In the listing below, the lines starting at the line with "Composite photos of" and ending at the line with "MEISTER Skirting Boards" are to be output verbatim. Images stay out of the copy.

# Records for the exercise
***
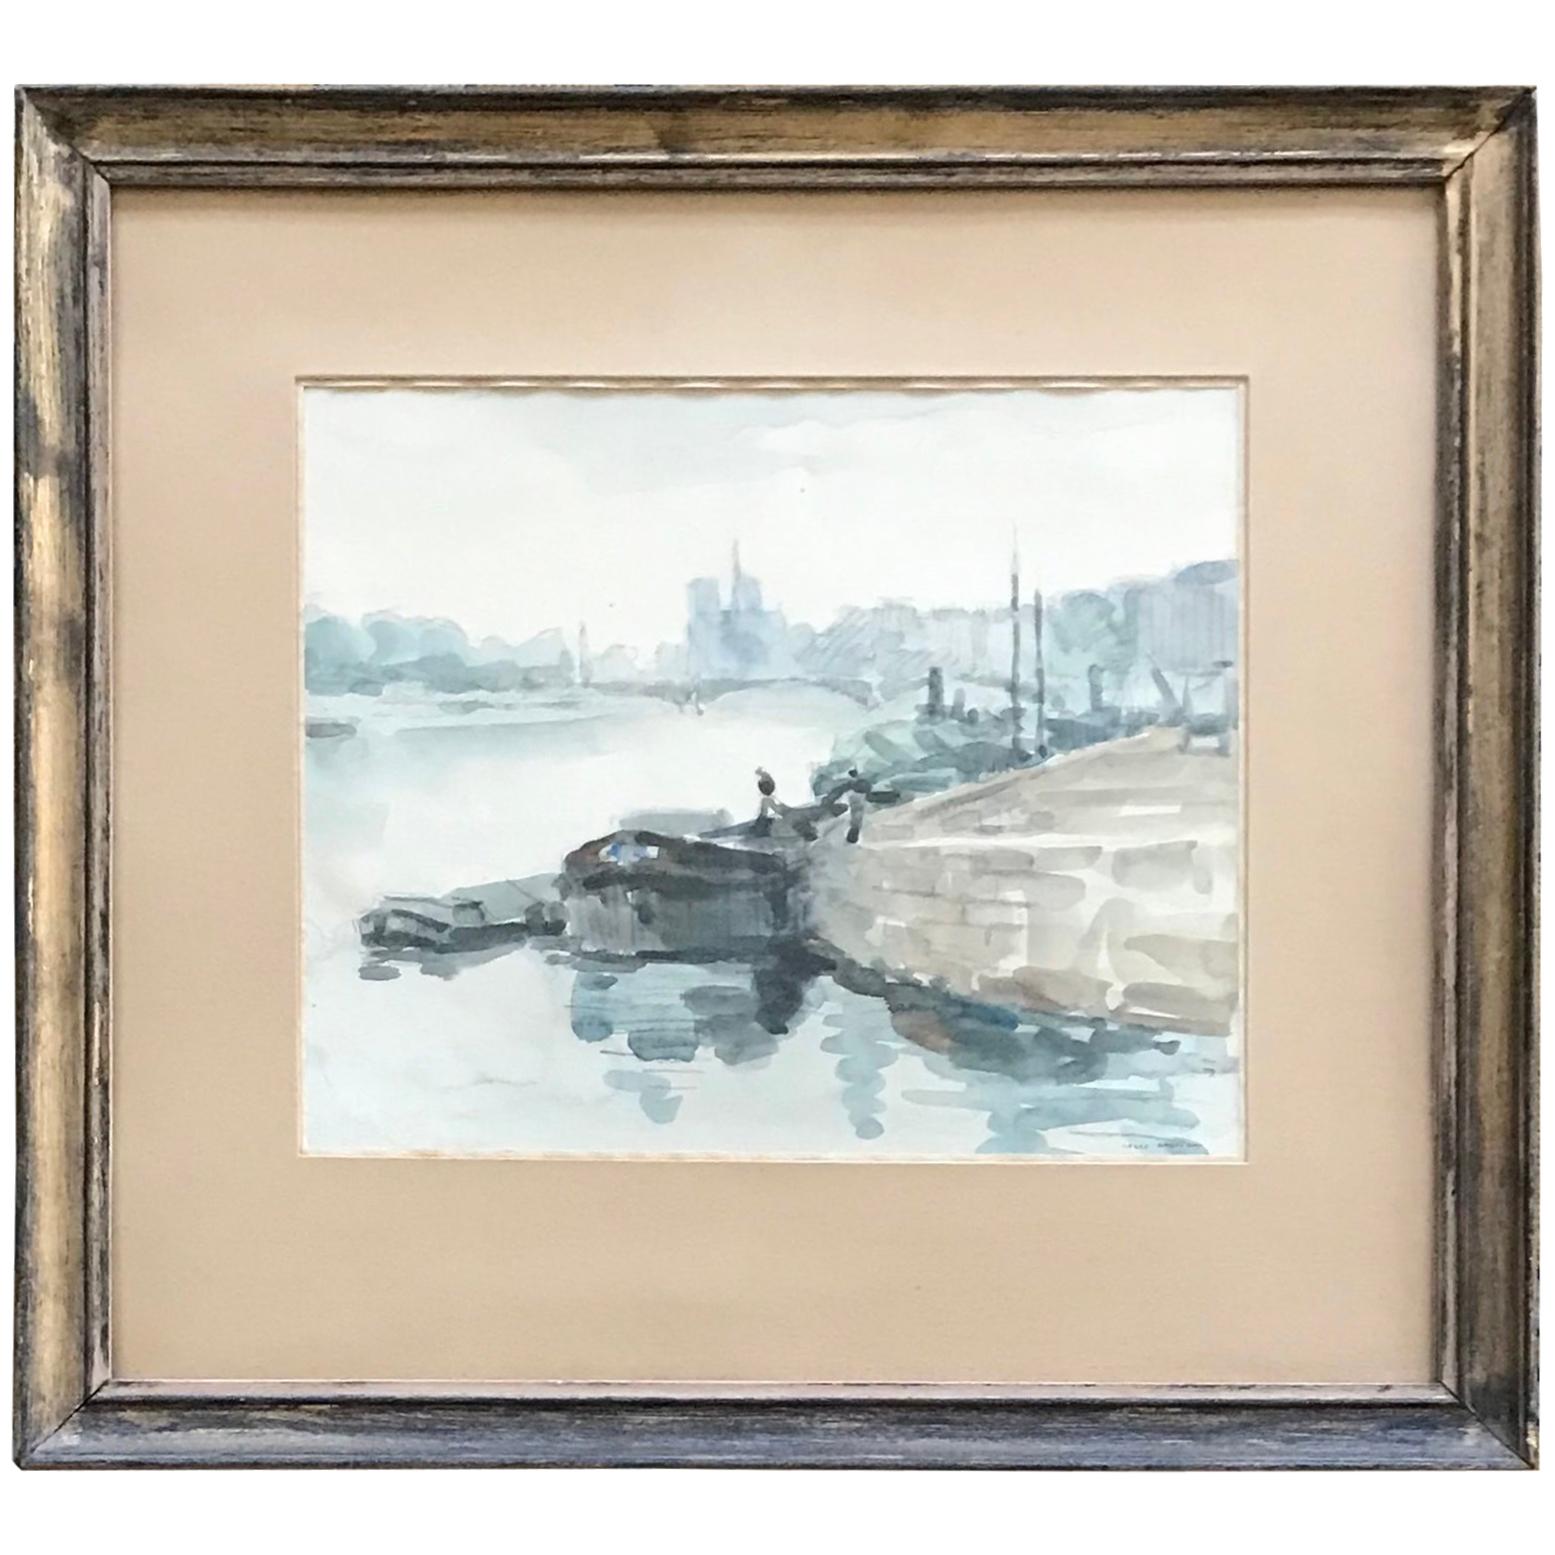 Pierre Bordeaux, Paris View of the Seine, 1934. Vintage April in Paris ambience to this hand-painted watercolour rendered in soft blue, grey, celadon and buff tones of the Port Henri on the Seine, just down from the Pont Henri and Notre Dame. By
***
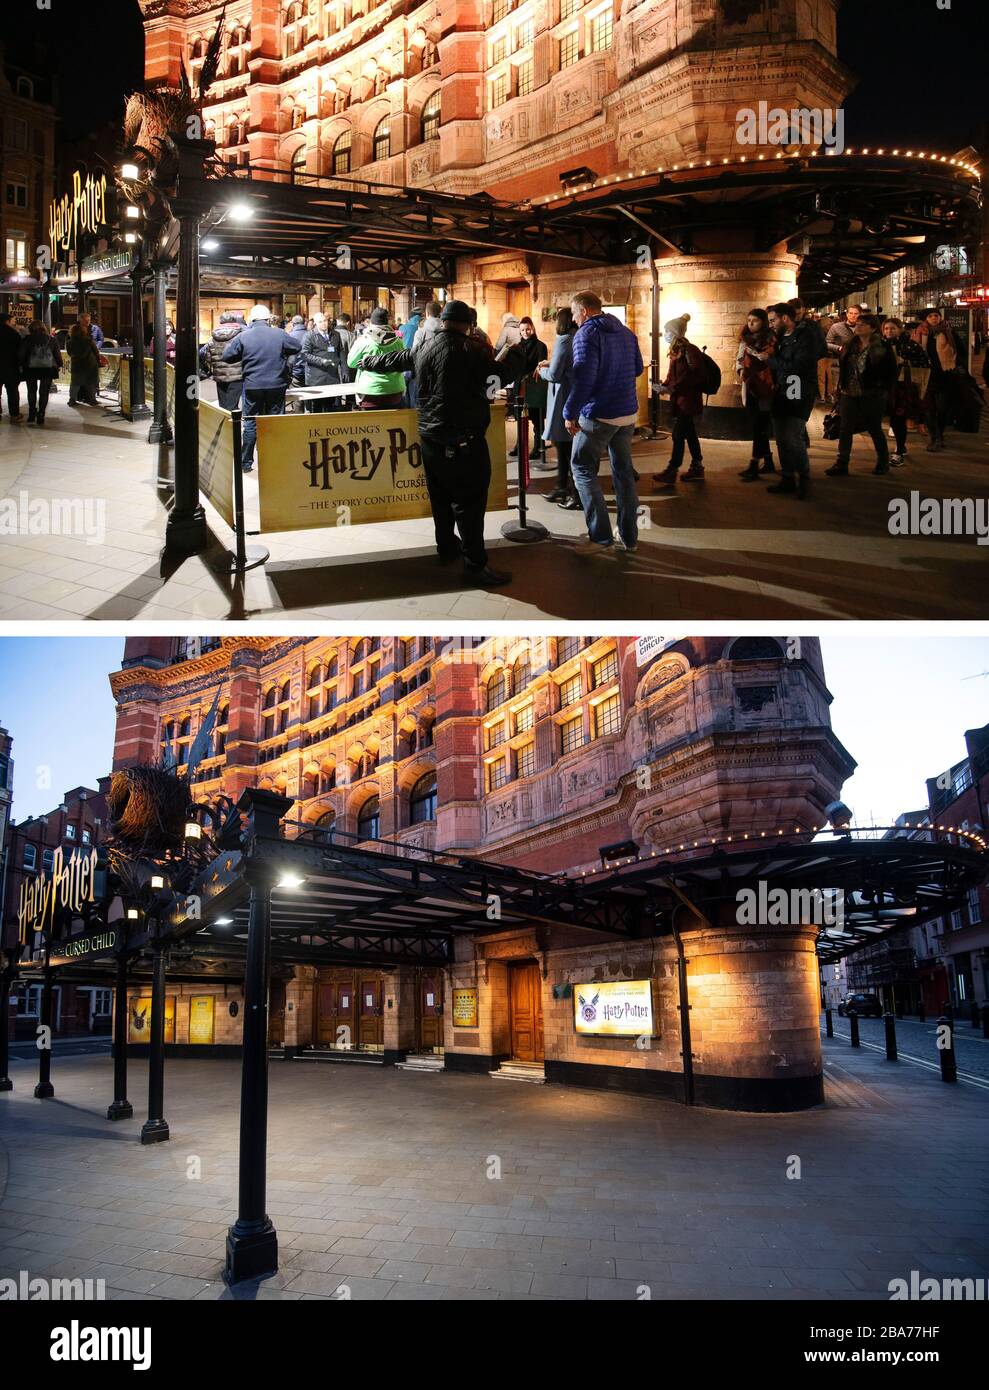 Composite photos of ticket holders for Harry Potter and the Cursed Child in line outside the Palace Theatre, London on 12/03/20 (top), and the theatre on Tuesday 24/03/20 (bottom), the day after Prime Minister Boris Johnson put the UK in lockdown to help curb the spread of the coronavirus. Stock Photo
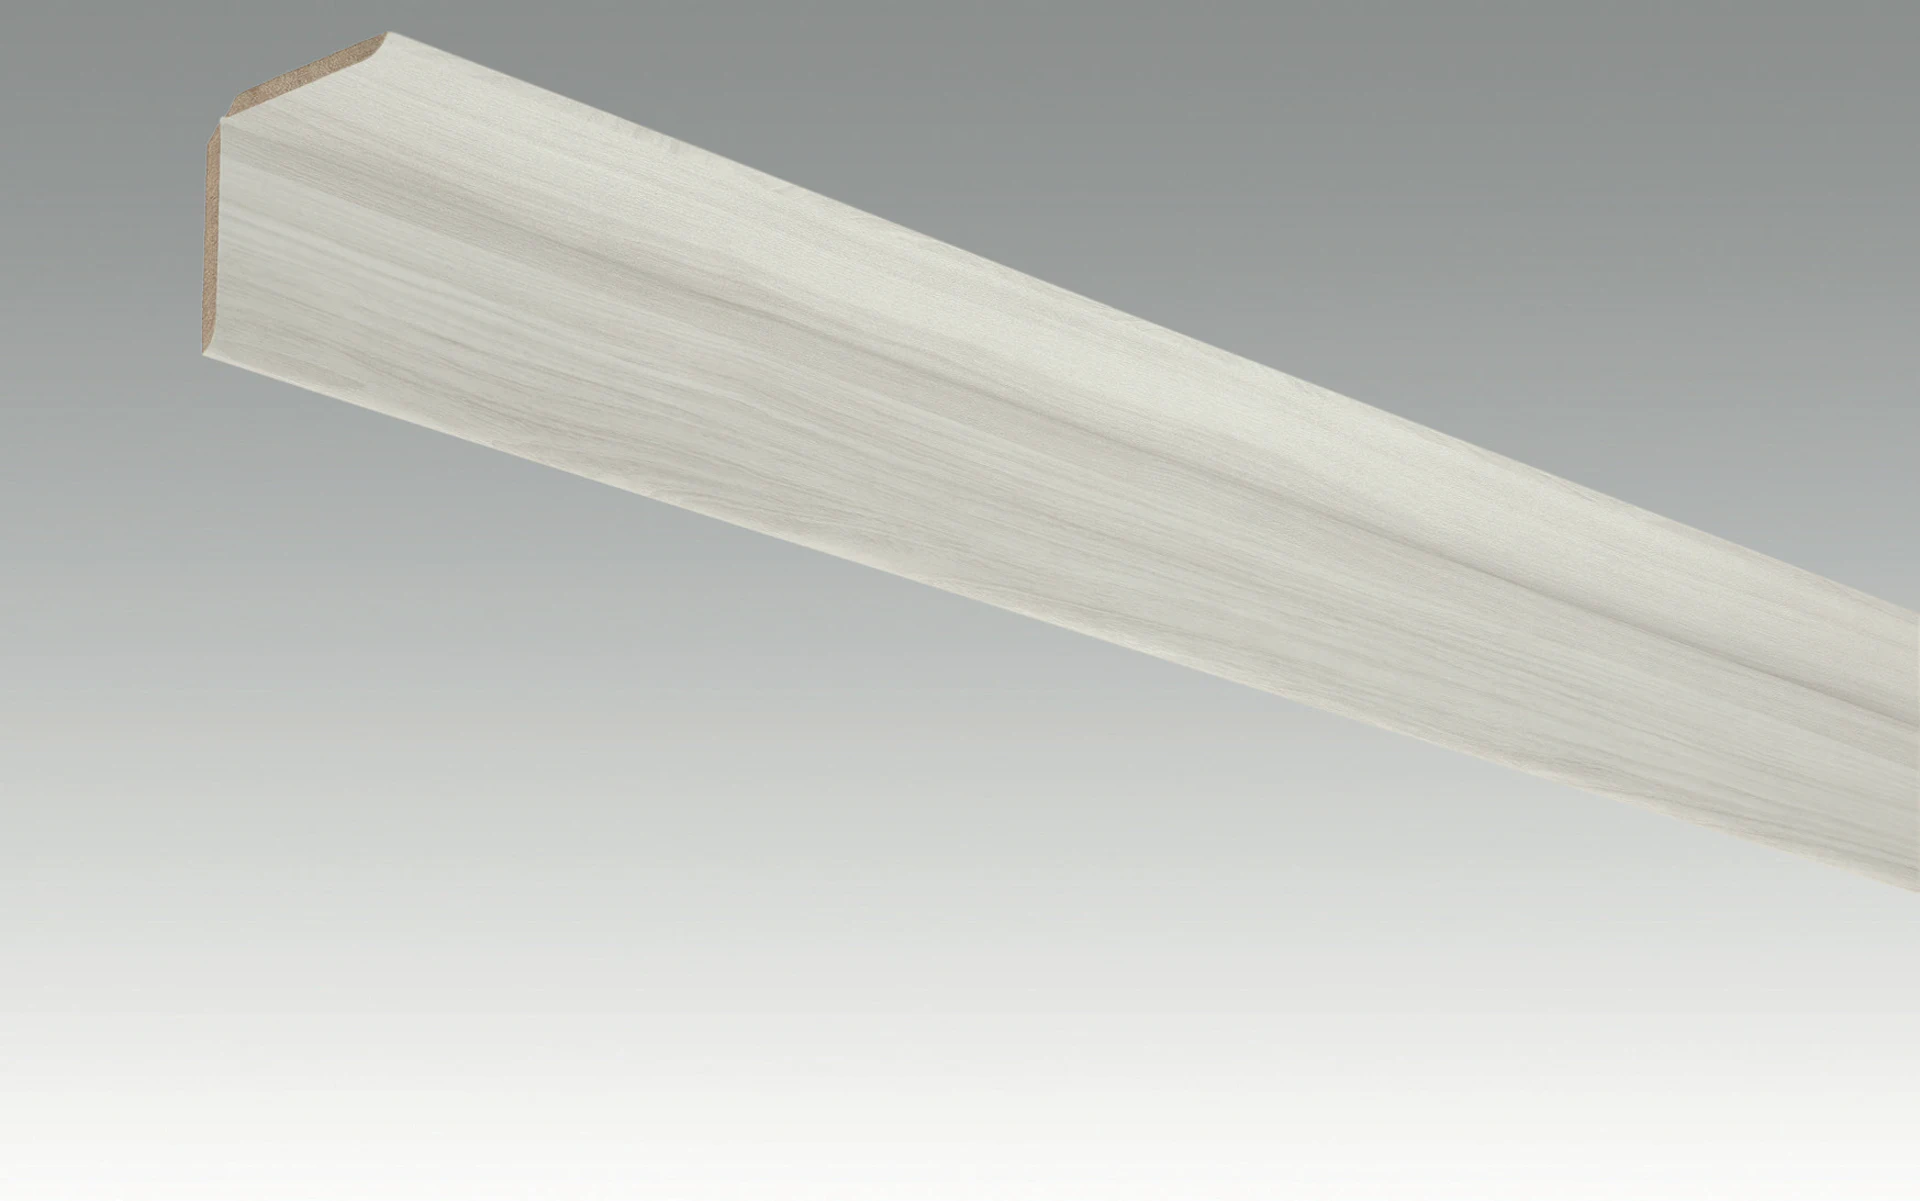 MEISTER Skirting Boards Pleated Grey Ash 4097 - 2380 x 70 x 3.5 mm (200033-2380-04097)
***
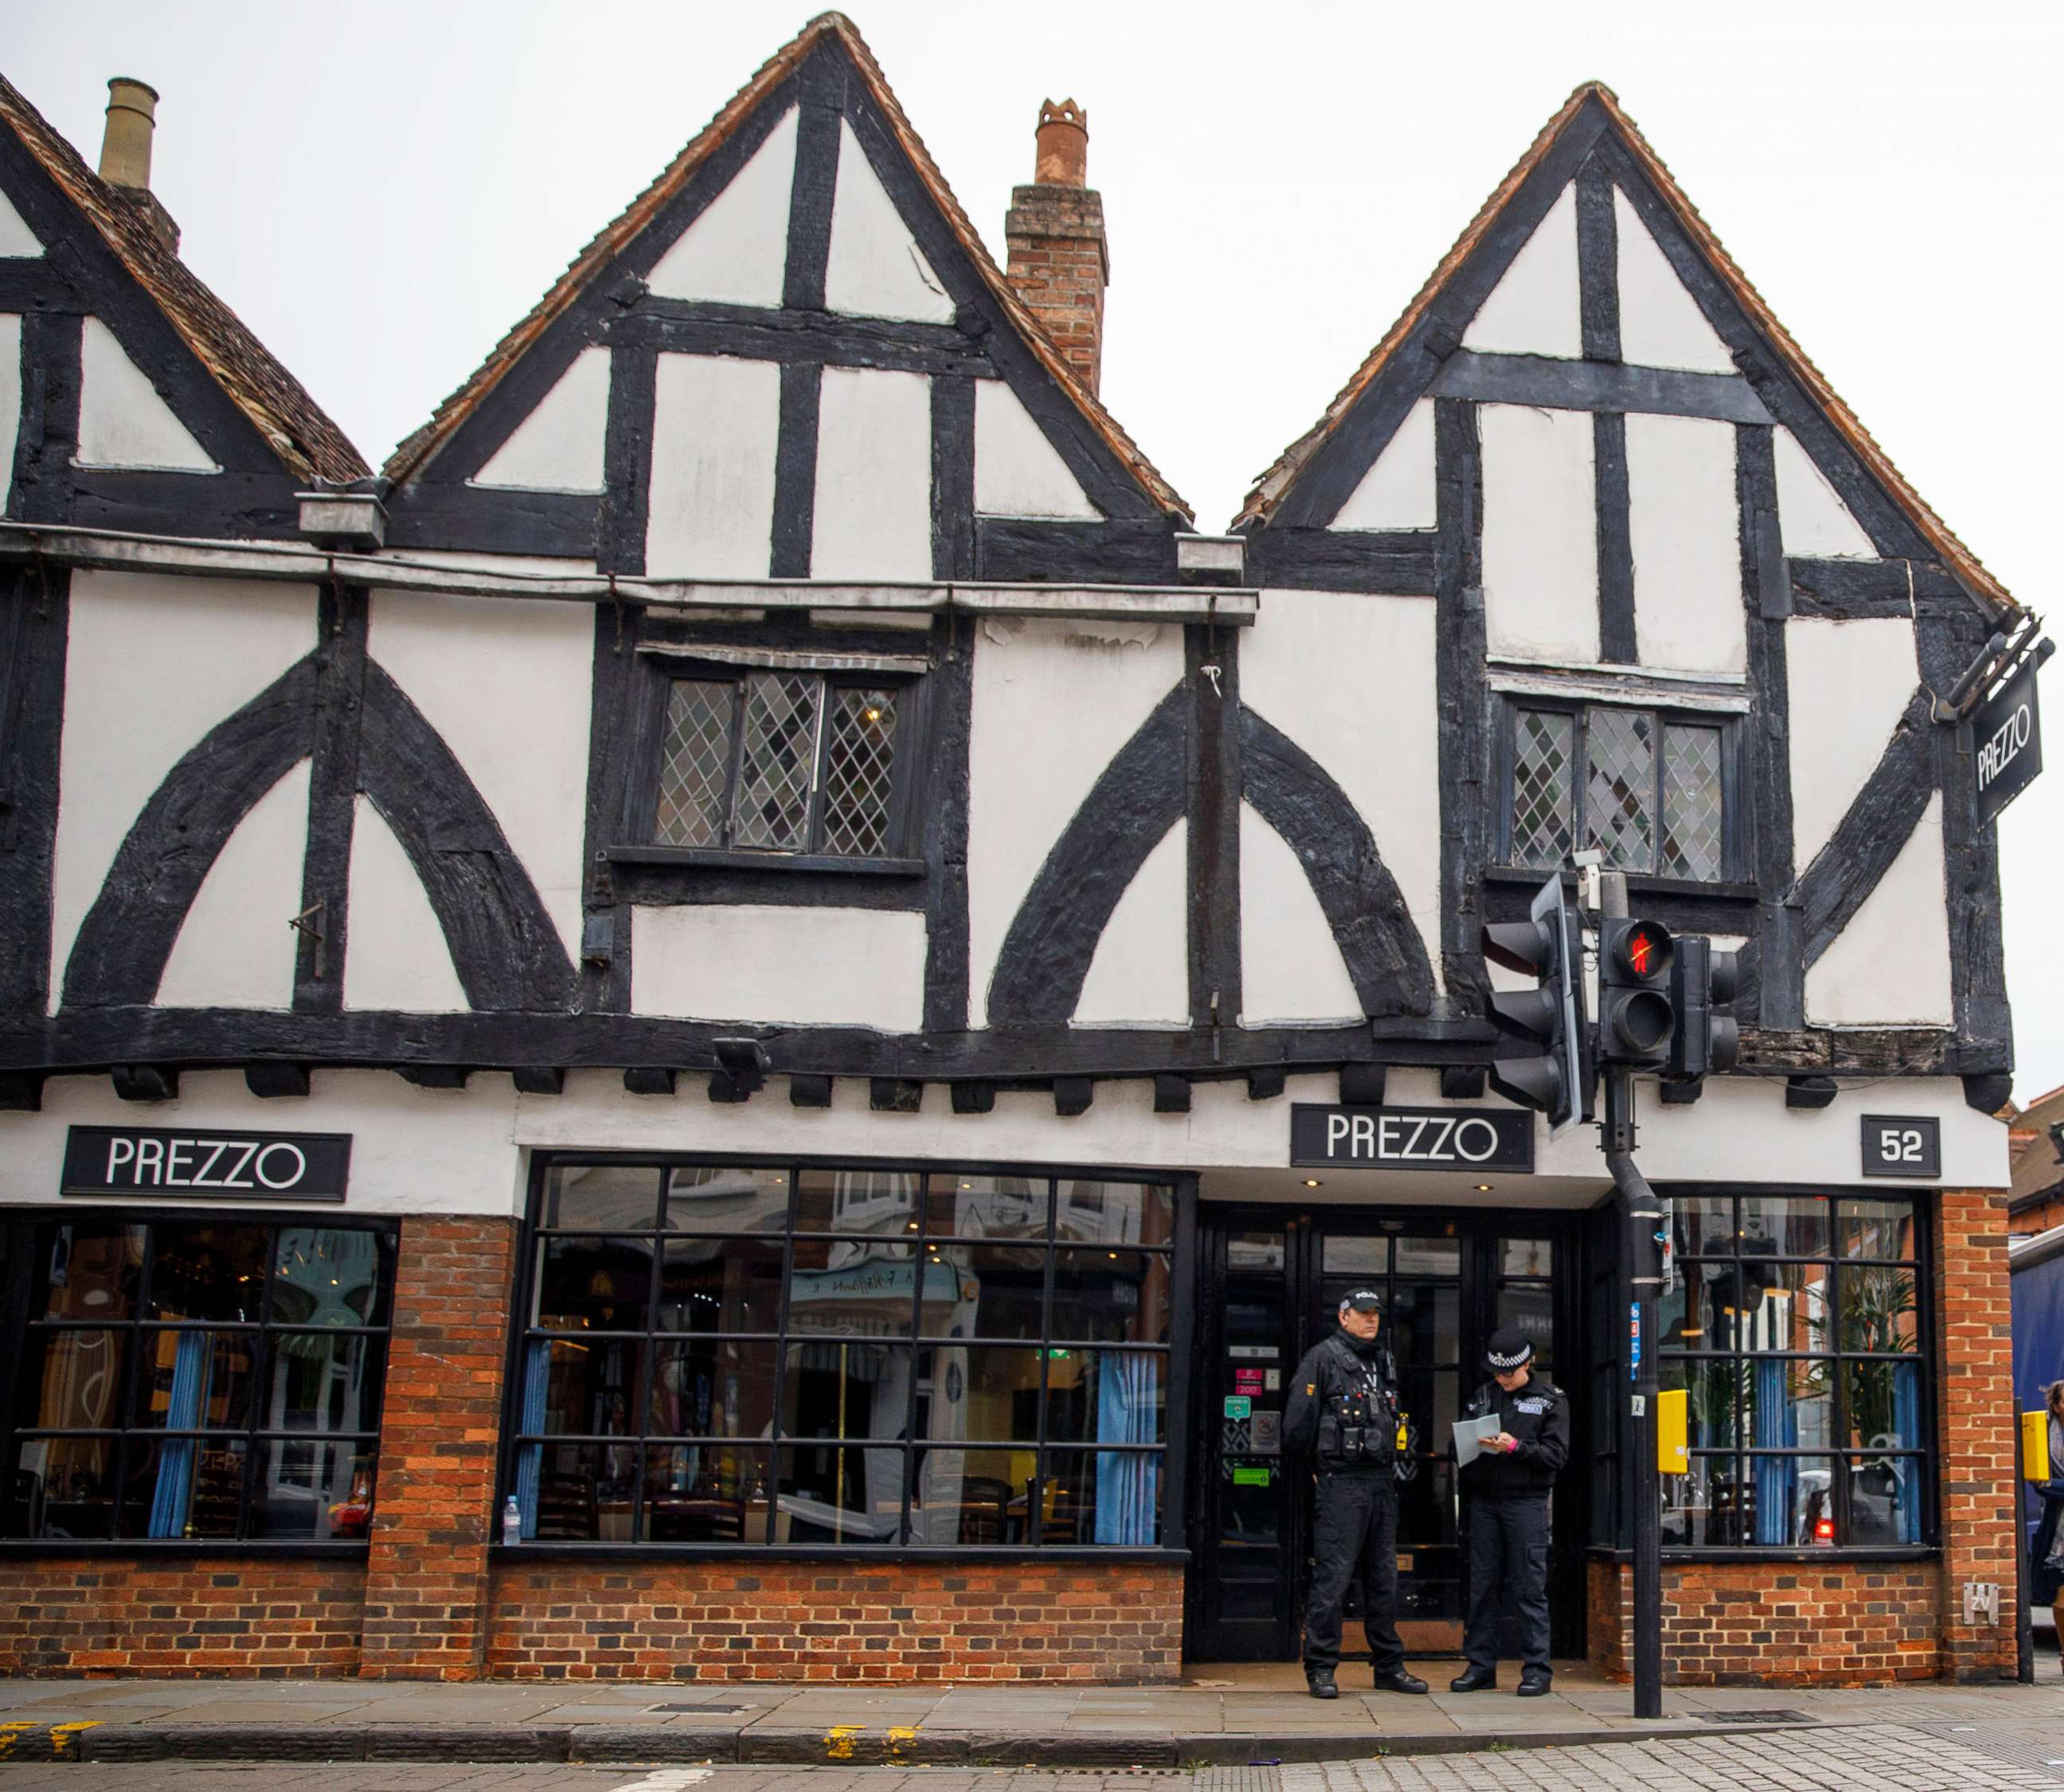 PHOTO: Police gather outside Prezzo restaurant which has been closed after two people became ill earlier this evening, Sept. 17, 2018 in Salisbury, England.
***
# Expected output
 Composite photos of ticket holders for Harry Potter and the Cursed Child in line outside the Palace Theatre, London on 12/03/20 (top), and the theatre on Tuesday 24/03/20 (bottom), the day after Prime Minister Boris Johnson put the UK in lockdown to help curb the spread of the coronavirus. Stock Photo
 MEISTER Skirting Boards Pleated Grey Ash 4097 - 2380 x 70 x 3.5 mm (200033-2380-04097)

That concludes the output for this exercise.